How to communicate with someone who has Alzheimer's

  • Do not correct: if they say their mother is coming to visit, enter their reality: "What would you like to do when she comes?"
  • Use short sentences: one question at a time, without multiple options.
  • Prioritise physical contact: when words fail, the hand that holds and silent presence still communicate.
  • Do not force memory: instead of "don't you remember me?", say: "I am your daughter. I am here with you."

Caring for someone who is losing their memory is an act of love that needs to be sustained — not just by the family, but by society as a whole. The caregiver should not have to choose between their life and that of their loved one.

Frequently asked questions

Is it normal to feel anger towards the person with Alzheimer's?

Yes. The anger is not directed at the person but at the disease that is taking them away. Feeling rage when your mother asks who you are for the fifth time is a human response, not a moral failing.

How do I know if I need professional help?

If anxiety is preventing you from sleeping, if you have stopped looking after your own health, if you feel you cannot go on, or if you have had thoughts of harming yourself, you need professional help. Do not wait for a breaking point.

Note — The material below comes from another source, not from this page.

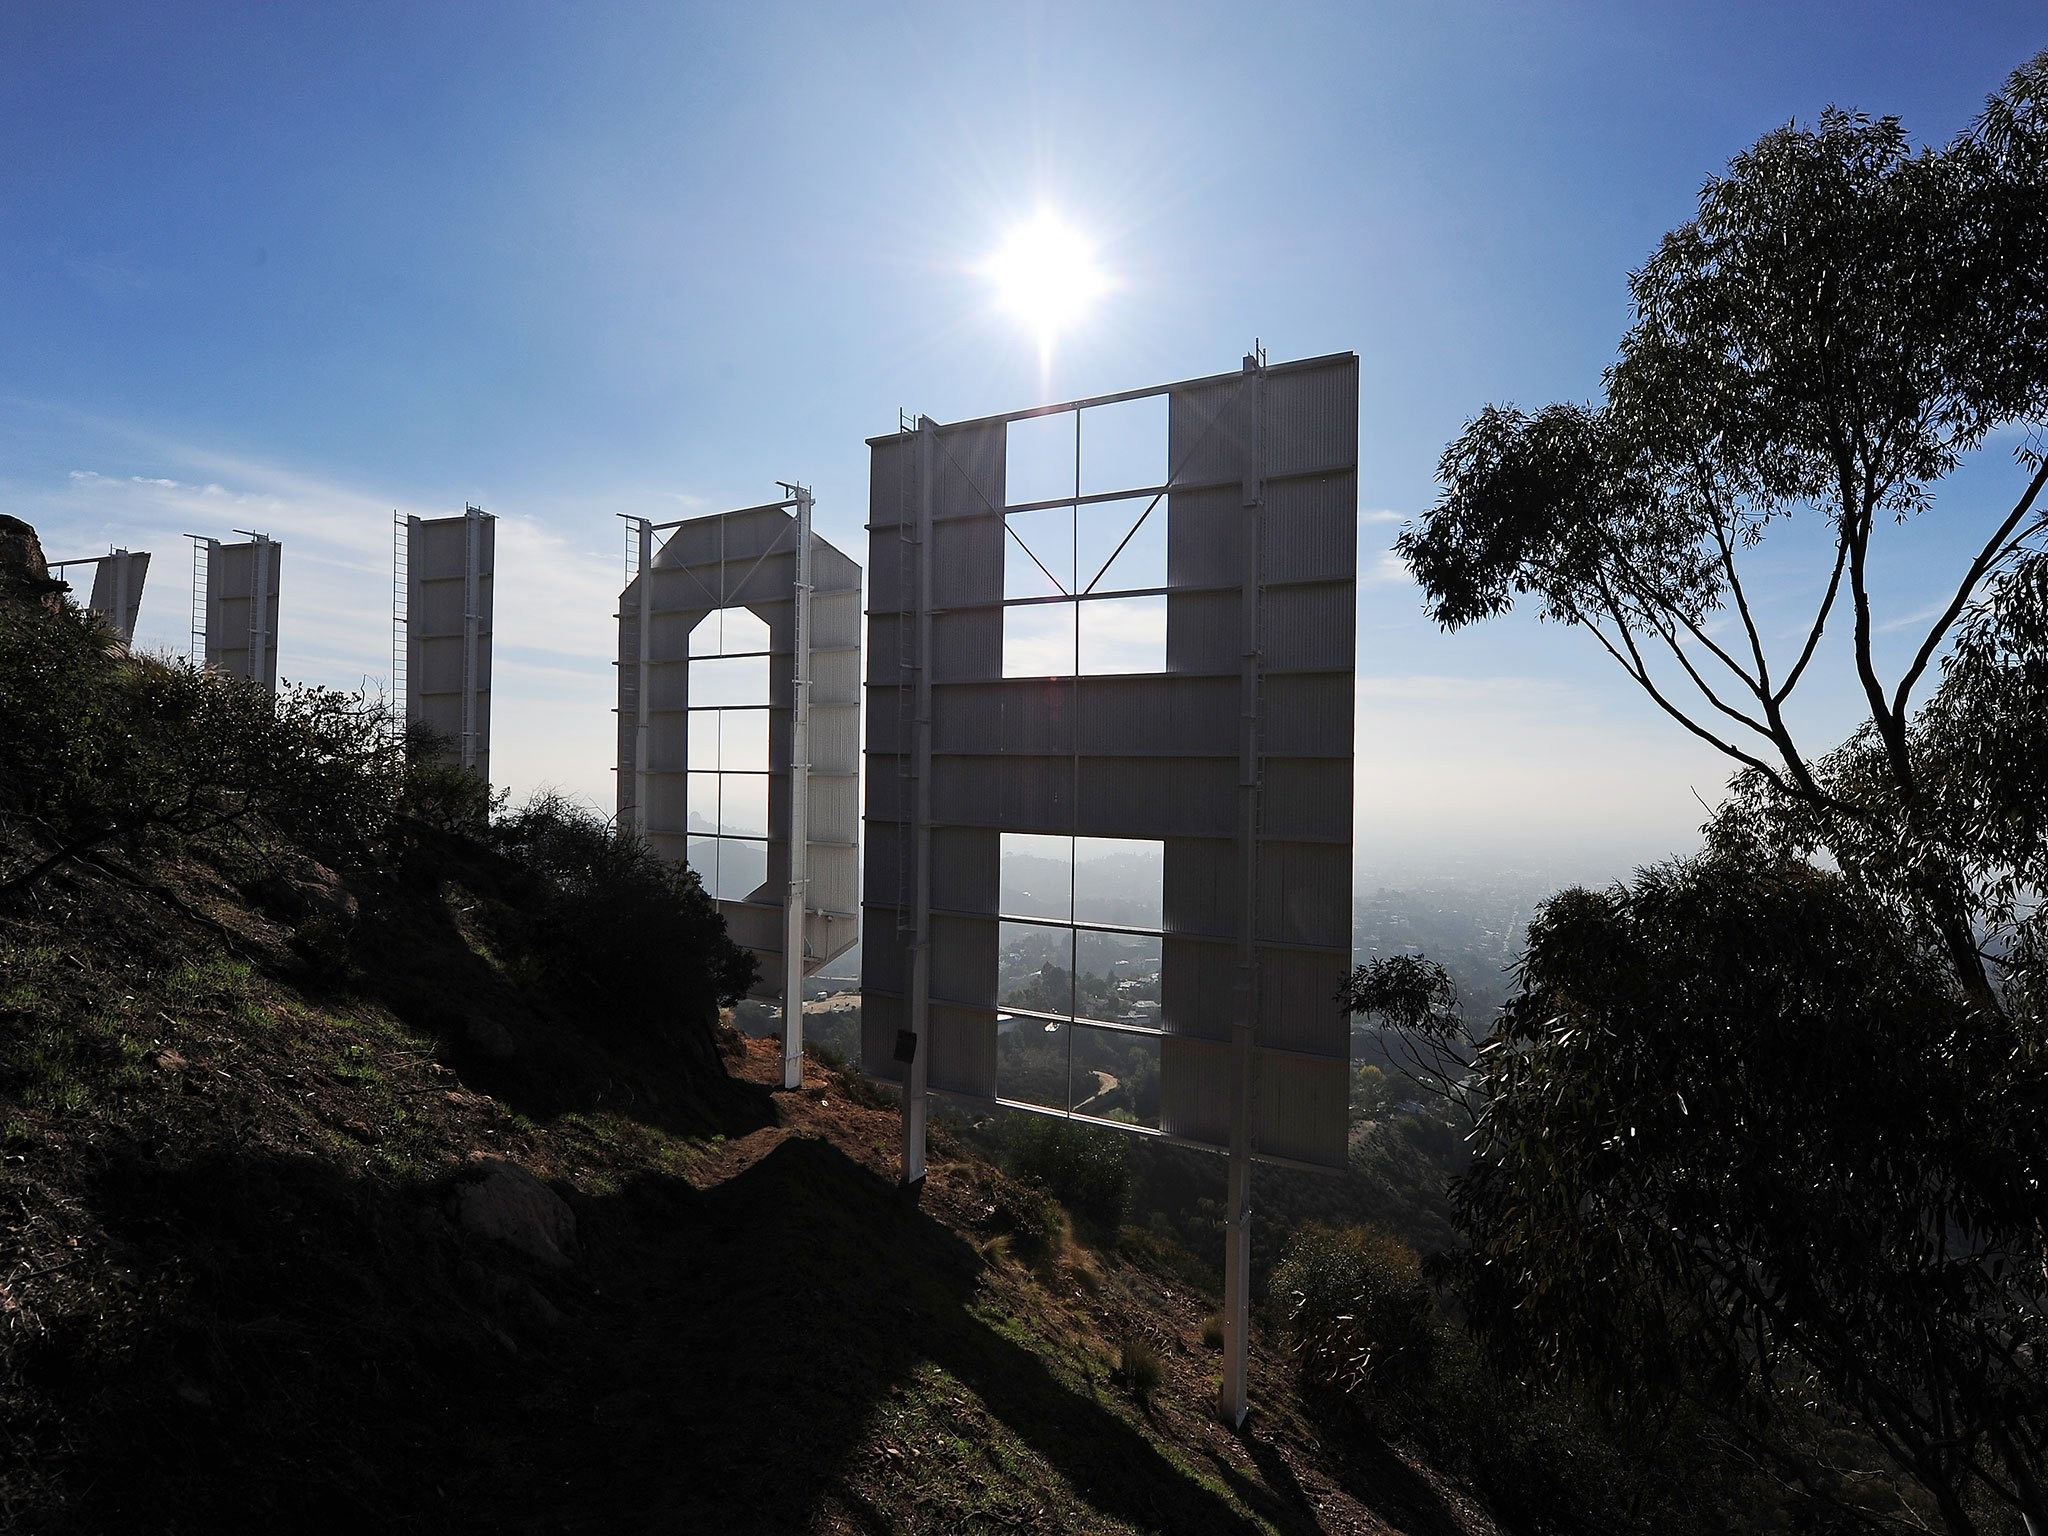 2048x1536 Trademark law stops people filming Hollywood Sign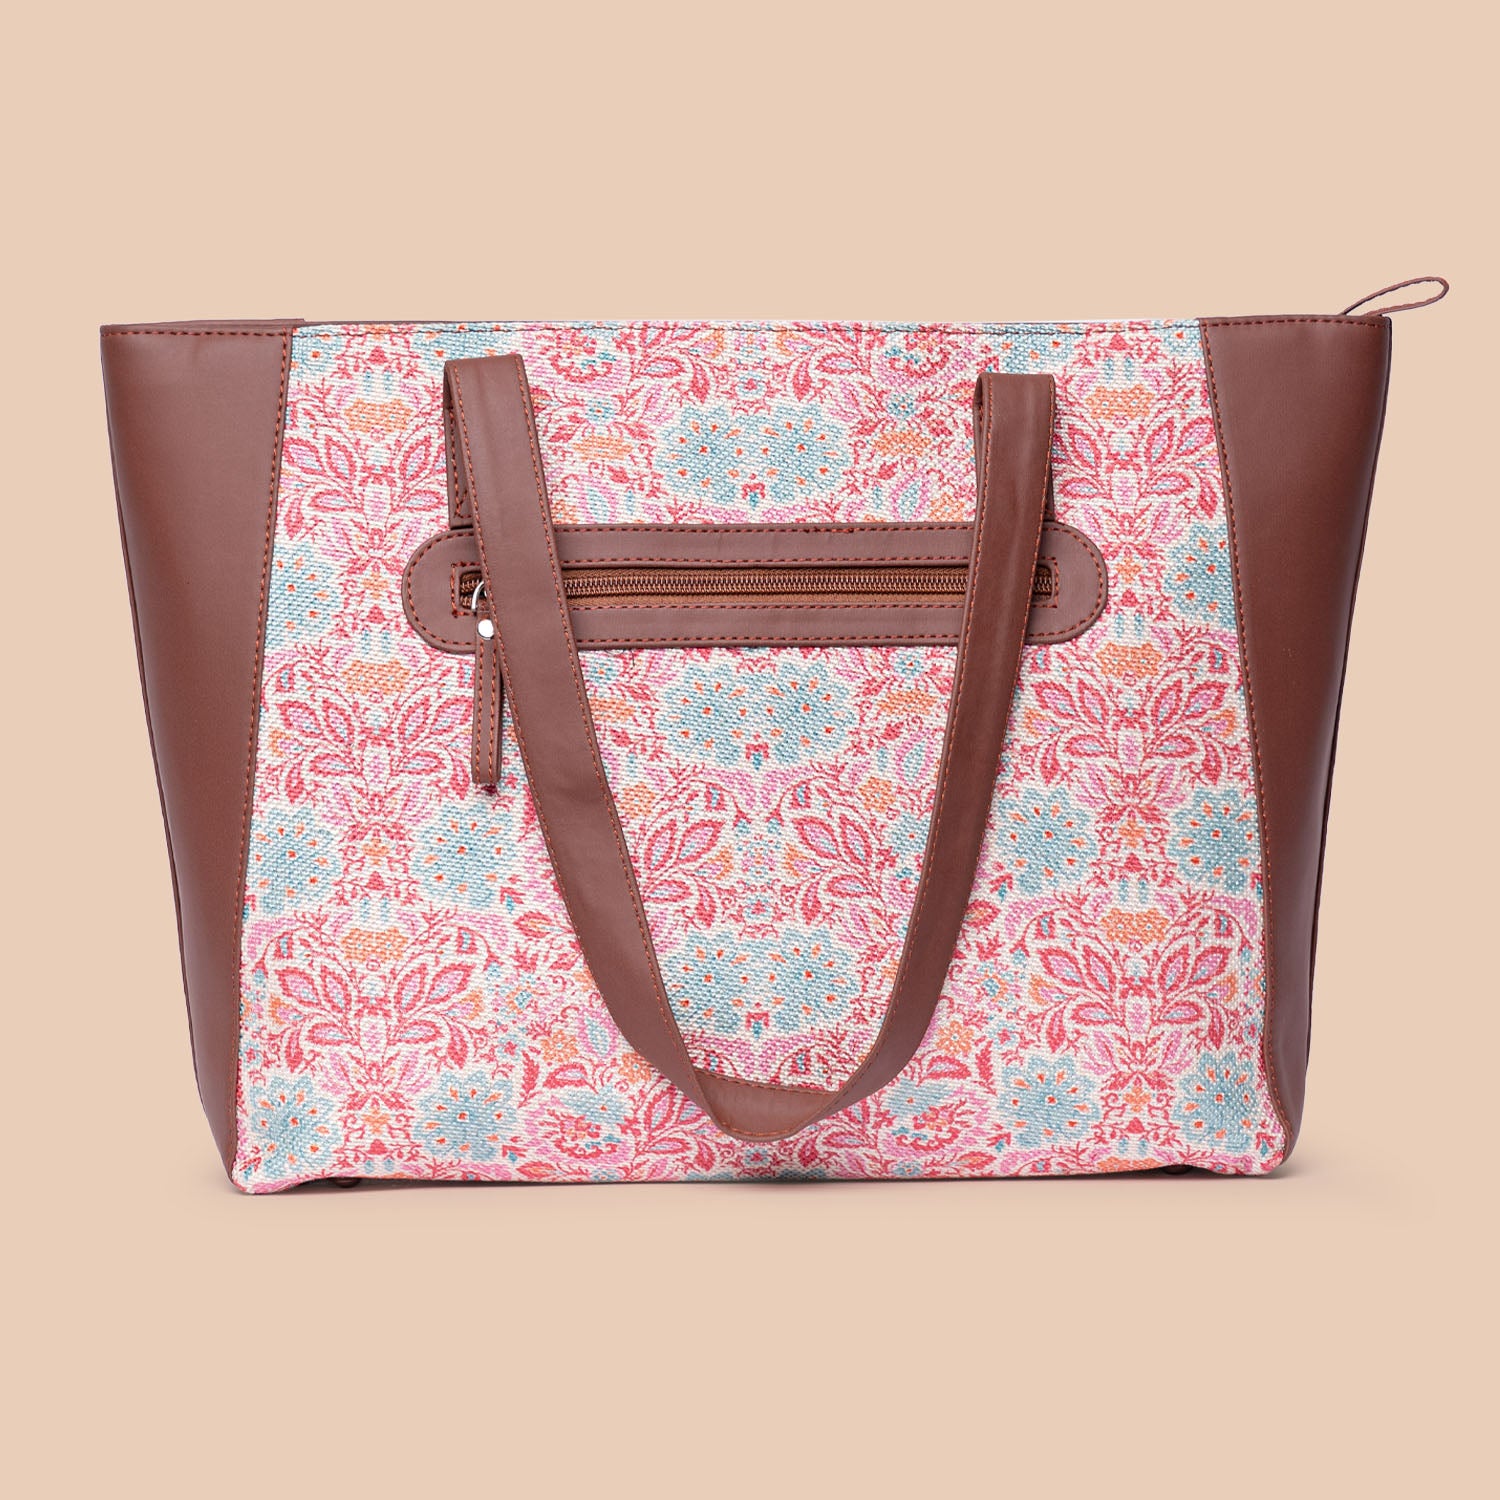 Mangalore Blossoms Side Tote Bag

Is it selfish to place my family member in a care home?

No. Sometimes it is the most responsible decision. When the level of dependency exceeds the caregiver's capacity, a care home offers professional attention that is not possible at home. Love is not measured in sacrifice; it is measured in quality of care.

How do I explain the illness to my children?

With age-appropriate honesty. "Grandpa has an illness in his brain that makes him forget things. Sometimes he will not remember your name, but that does not mean he does not love you." Children can understand the disease if given information and space to ask questions.

Is Alzheimer's hereditary?

The vast majority of cases (95%) are sporadic and do not have a direct hereditary component. The remaining 5% are familial forms with a strong genetic component. If you are concerned, consult a specialist in neurogenetics.